An experiment was performed on my 2020 M1 Macbook Air comparing the C and JS-based reference implementations of Lilt with Lila running under a variety of AWK implementations: mawk, gawk, goawk, and the BSD awk which ships with MacOS (v20200816 in this case). As my benchmarks, I used Mandel.lil, a naive Mandelbrot set renderer designed to hammer the Lil interpreter and garbage collector, and the Lil integration test suite:

Interpreter    Mandel    Tests
c-lilt (release)    0.08s    0.27s
c-lilt (debug)    0.36s    0.79s
js-lilt    0.42s    1.58s
mawk    3.61s    0.95s
gawk    6.58s    2.47s
goawk    10.66s    4.32s
awk    15.09s    162.97s

Of the AWKs tested, mawk makes a truly impressive showing. The “one-true” AWK fares much poorer, particularly with the integration suite. I ran a similar experiment on my 9-year old intel-based Macbook Air which provides awk version 20070501, and- curiously- even on that far humbler machine I was able to drastically outstrip the M1 with a more “modern” AWK release, completing the integration suite successfully in about 16 seconds.

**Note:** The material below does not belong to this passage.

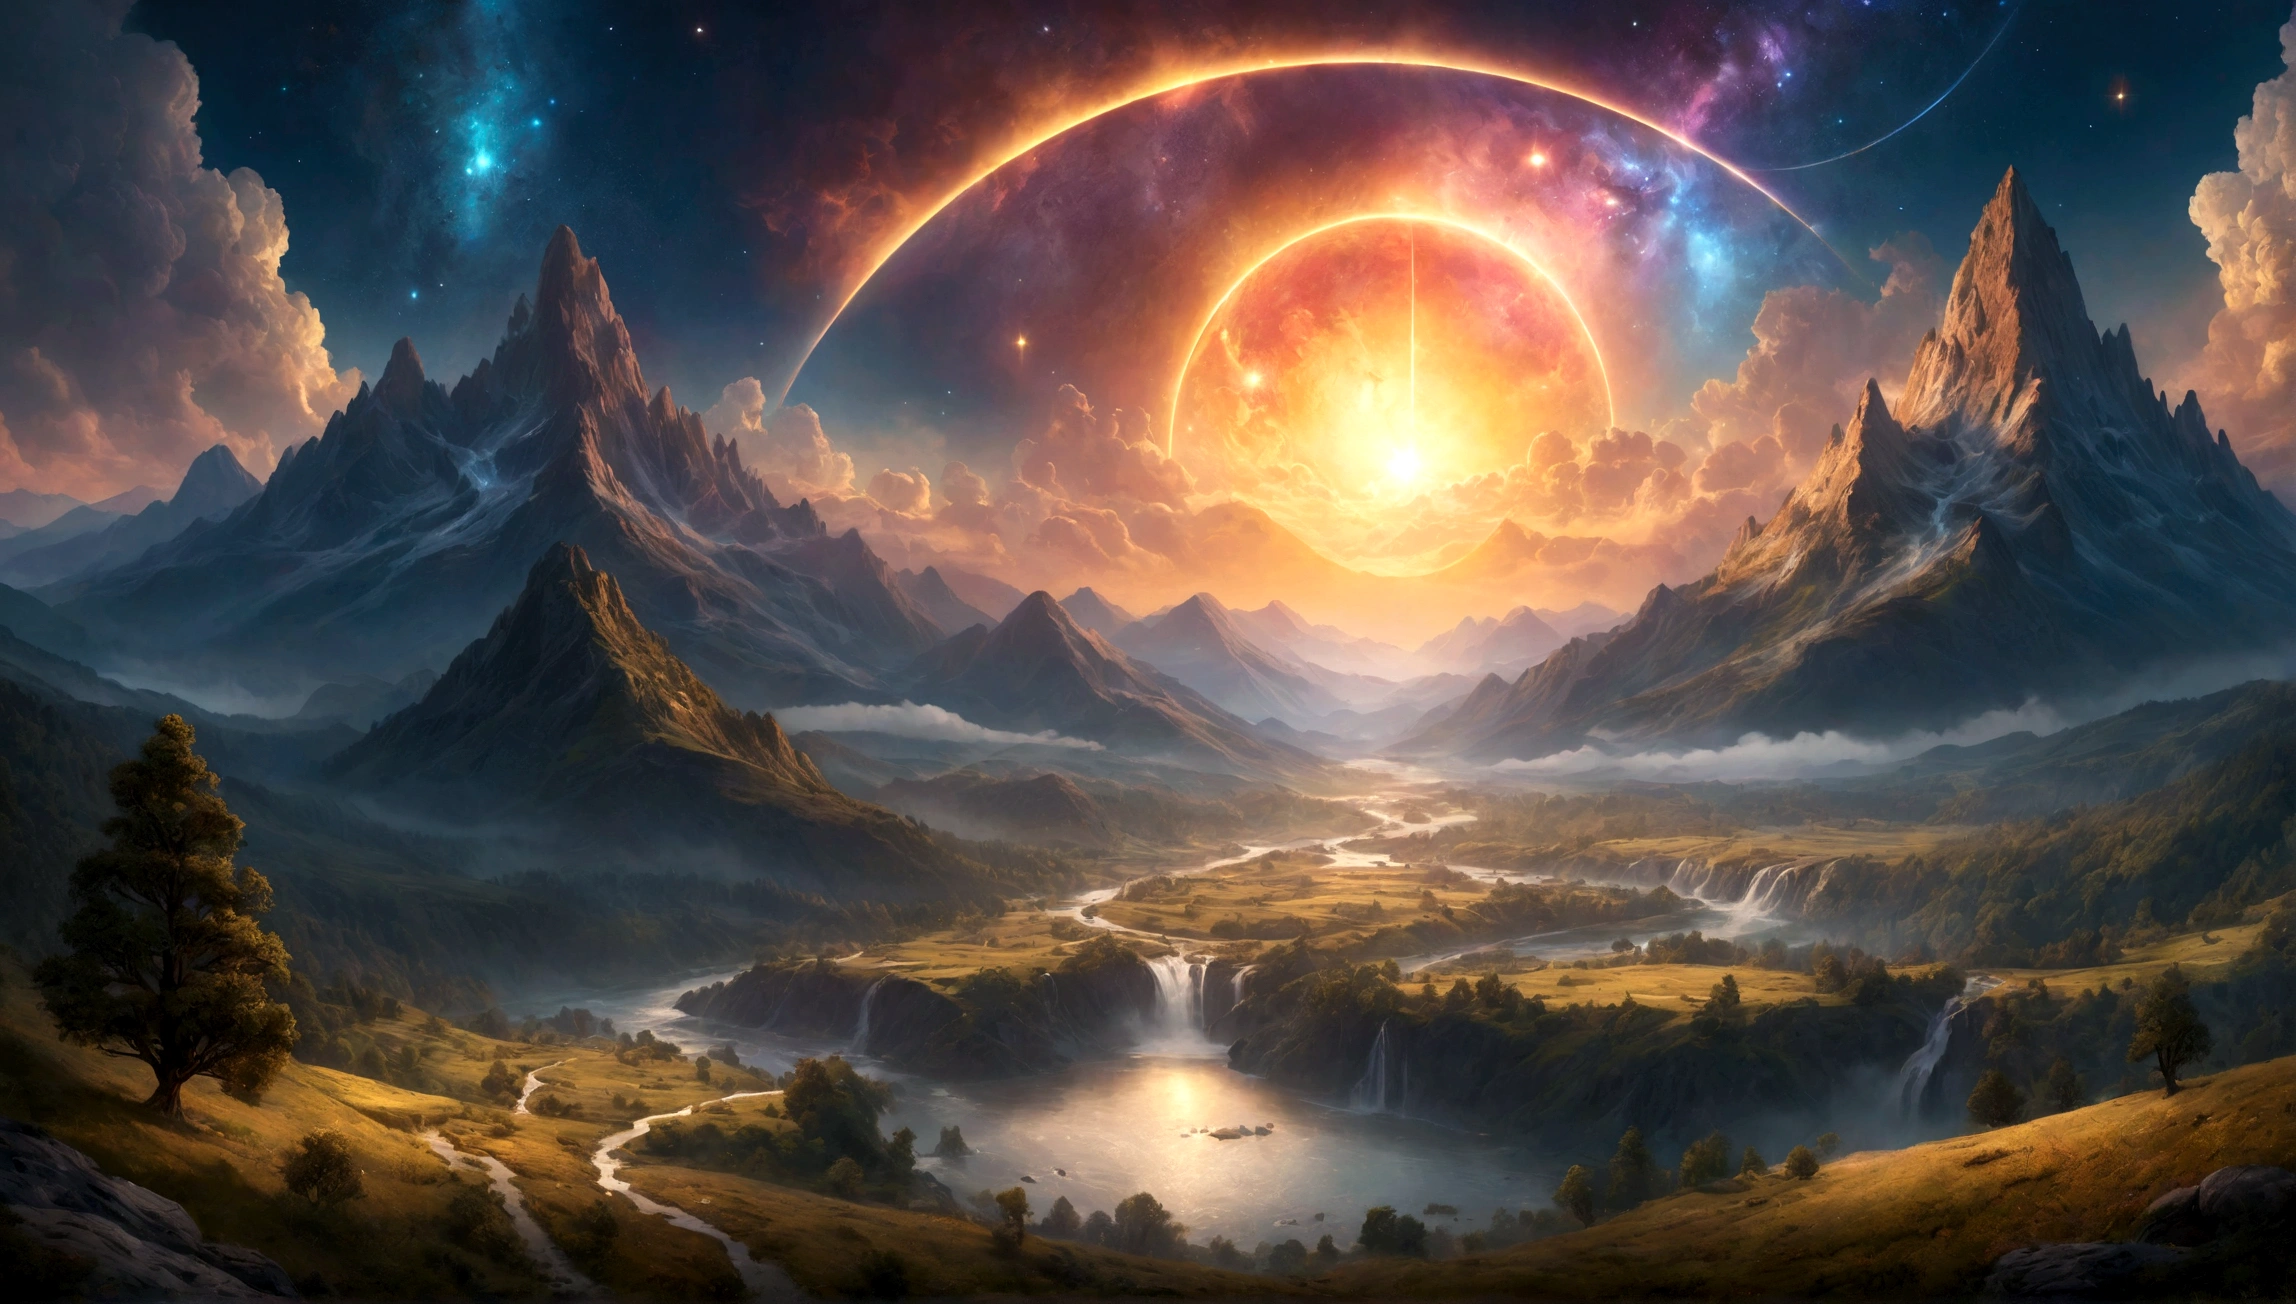 a vast cosmic landscape, the moment of creation, a gigantic explosion of light and energy, swirling clouds of cosmic dust, glowing nebulae, distant galaxies, intricate fractal patterns, ethereal energy fields, celestial bodies in motion, surreal otherworldly atmosphere, vibrant colors, dramatic lighting, photorealistic, cinematic, epic scale, highly detailed, 8k, award winning sci-fi concept art

Your mileage may vary, but overall I found that even on my slowest computers and their most ancient AWKs Lila offers a viably interactive REPL experience.

There aren’t many monolithic AWK scripts on the internet of a similar scale and complexity to lila.awk. If you’re the maintainer of an AWK- or you’re thinking of becoming one- Lila might be a useful tool for investigating performance and correctness.

exec speed aside , an often ignored metric is "speed of edit / test" ( ftr previously mentioned @ https://forum.tinycorelinux.net/index.php/topic,26145.msg168029.html#msg168029 )
another interesting instance of this observation

Quote from: https://github.com/raygard/wak/issues/7#issuecomment-2321967561

Also, thank you muchly for the tip on using tcc, it's amazing!
I am using your "script" trick and it's really nice to be able to tweak the code and run it immediately with no need for a separate compile.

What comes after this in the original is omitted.